This page describes the technical details of the ADM1 model implemented in PyADM1ODE and how agricultural substrates are integrated into the model.

PyADM1ODE implements ADM1da (Schlattmann 2011) — an agricultural adaptation of the original ADM1 (Batstone et al. 2002, IWA Task Group). Compared to the classical formulation, this model adds sub-fractioned disintegration, temperature-dependent kinetics, and modified inhibition kinetics for agricultural co-digestion. The implementation reproduces the reference behaviour of SIMBA# biogas 4.2 (ifak Magdeburg) quantitatively (see the Validation page). Where the published ADM1da literature is ambiguous on a specific stoichiometric or kinetic choice, the convention followed by PyADM1ODE is stated explicitly throughout this page.

ADM1 as a Pure ODE System

Unlike the standard ADM1, which is often formulated as a system of differential- algebraic equations (DAE), this implementation is a pure system of ordinary differential equations (ODE).

Key Features

  1. Kinetic acid-base equilibrium: the ionised species (acetate, propionate,
    butyrate, valerate ions, \(\text{HCO}_3^-\), \(\text{NH}_3\)) are carried as dynamic state variables with a very high reaction rate \(k_{A,B} = 10^8\,\text{m}^3\,\text{kmol}^{-1}\,\text{d}^{-1}\).
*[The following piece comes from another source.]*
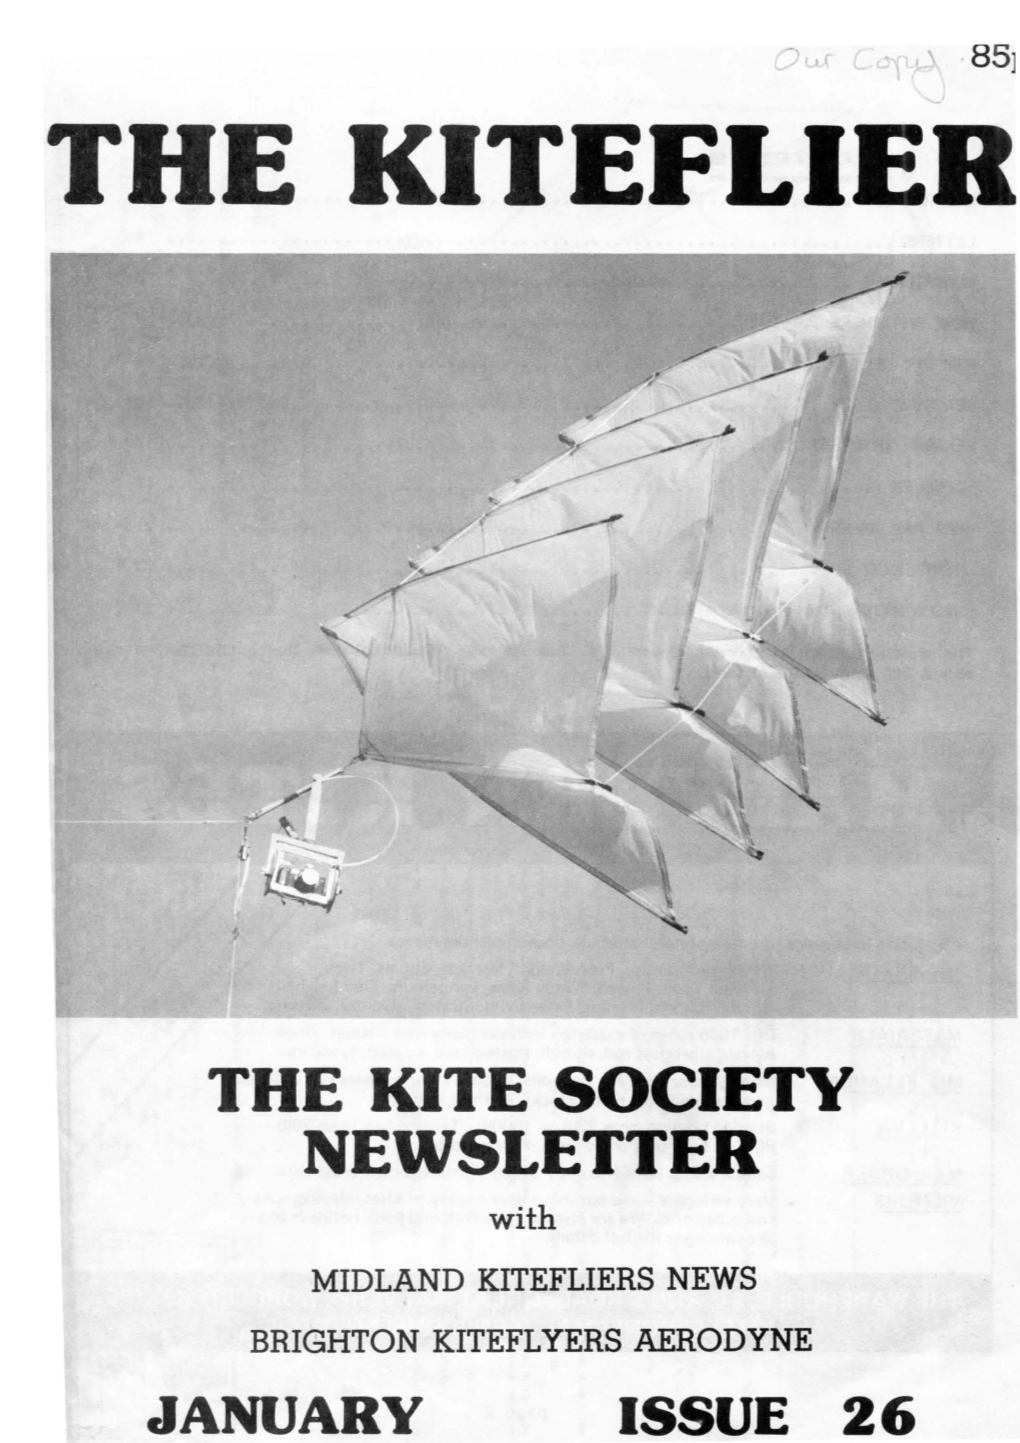 The Kite Society Newsletter
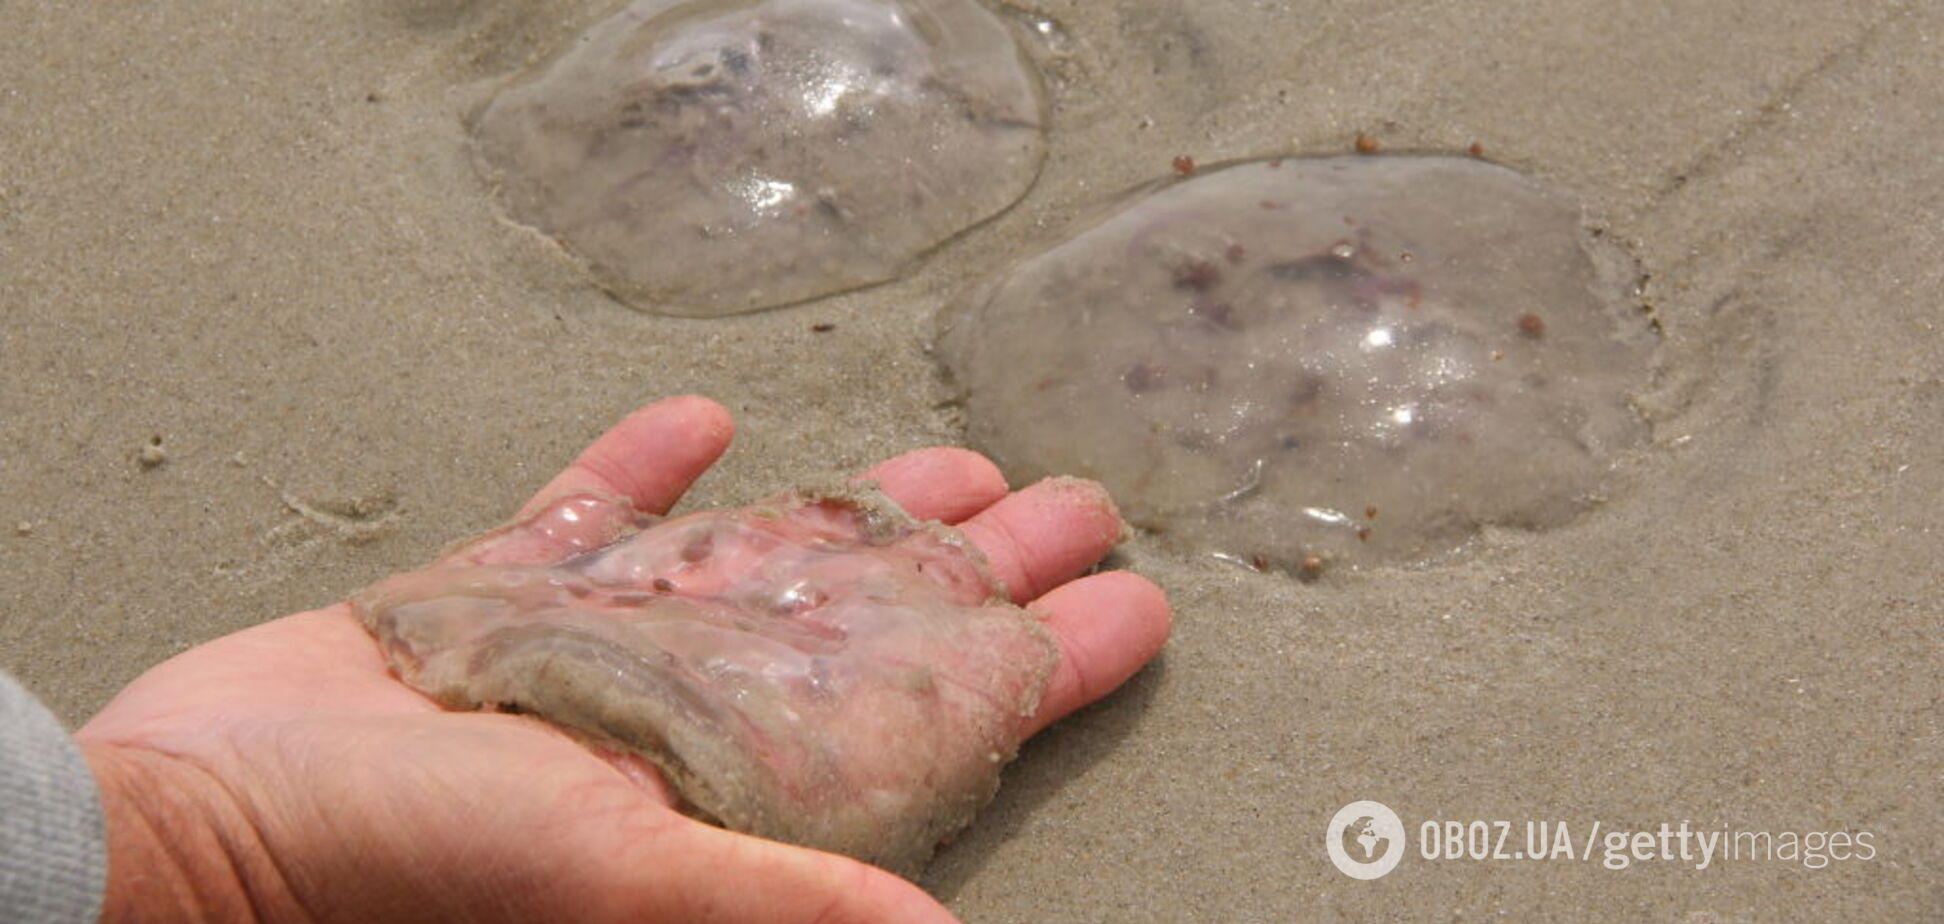 Пляжи в Кирилловке заполнили медузы: жалят прямо в лицо. Видео

They therefore track the thermodynamic equilibrium essentially in real time, without an algebraic solver having to be invoked inside the ODE step.
  2. Kinetic gas-liquid transfer: \(\text{H}_2\), \(\text{CH}_4\), \(\text{CO}_2\)
    and \(\text{NH}_3\) are transferred to the gas phase via \(k_L a\) rates — no algebraic Henry equilibrium constraint.
  3. 41 state variables: the model carries 41 variables in five blocks:
Block Indices Count Contents
Soluble components 0–11 12 \(S_{su}, S_{aa}, S_{fa}, S_{va}, S_{bu}, S_{pro}, S_{ac}, S_{h2}, S_{ch4}, S_{IC}, S_{IN}, S_{I}\)
Particulate sub-fractions 12–21 10 \(X_{PS\_ch/pr/li}\) (slow), \(X_{PF\_ch/pr/li}\) (fast), \(X_{S\_ch/pr/li}\) (hydrolysable), \(X_I\)
Biomass 22–28 7 \(X_{su}, X_{aa}, X_{fa}, X_{c4}, X_{pro}, X_{ac}, X_{h2}\)
Acid-base / charge balance 29–36 8 \(S_{cat}, S_{an}\), ionised forms \(S_{va^-}, S_{bu^-}, S_{pro^-}, S_{ac^-}, S_{HCO_3^-}, S_{NH_3}\)
Gas phase 37–40 4 \(p_{H_2}, p_{CH_4}, p_{CO_2}, p_{tot}\)

pH calculation

The pH is determined at every evaluation step from the charge balance using a Newton–Raphson iteration:

\[ S_{cat} - S_{an} + (S_{NH4} - S_{NH3}) - S_{HCO_3^-} - \frac{S_{ac^-}}{64} - \frac{S_{pro^-}}{112} - \frac{S_{bu^-}}{160} - \frac{S_{va^-}}{208} + S_{H^+} - \frac{K_w}{S_{H^+}} = 0 \]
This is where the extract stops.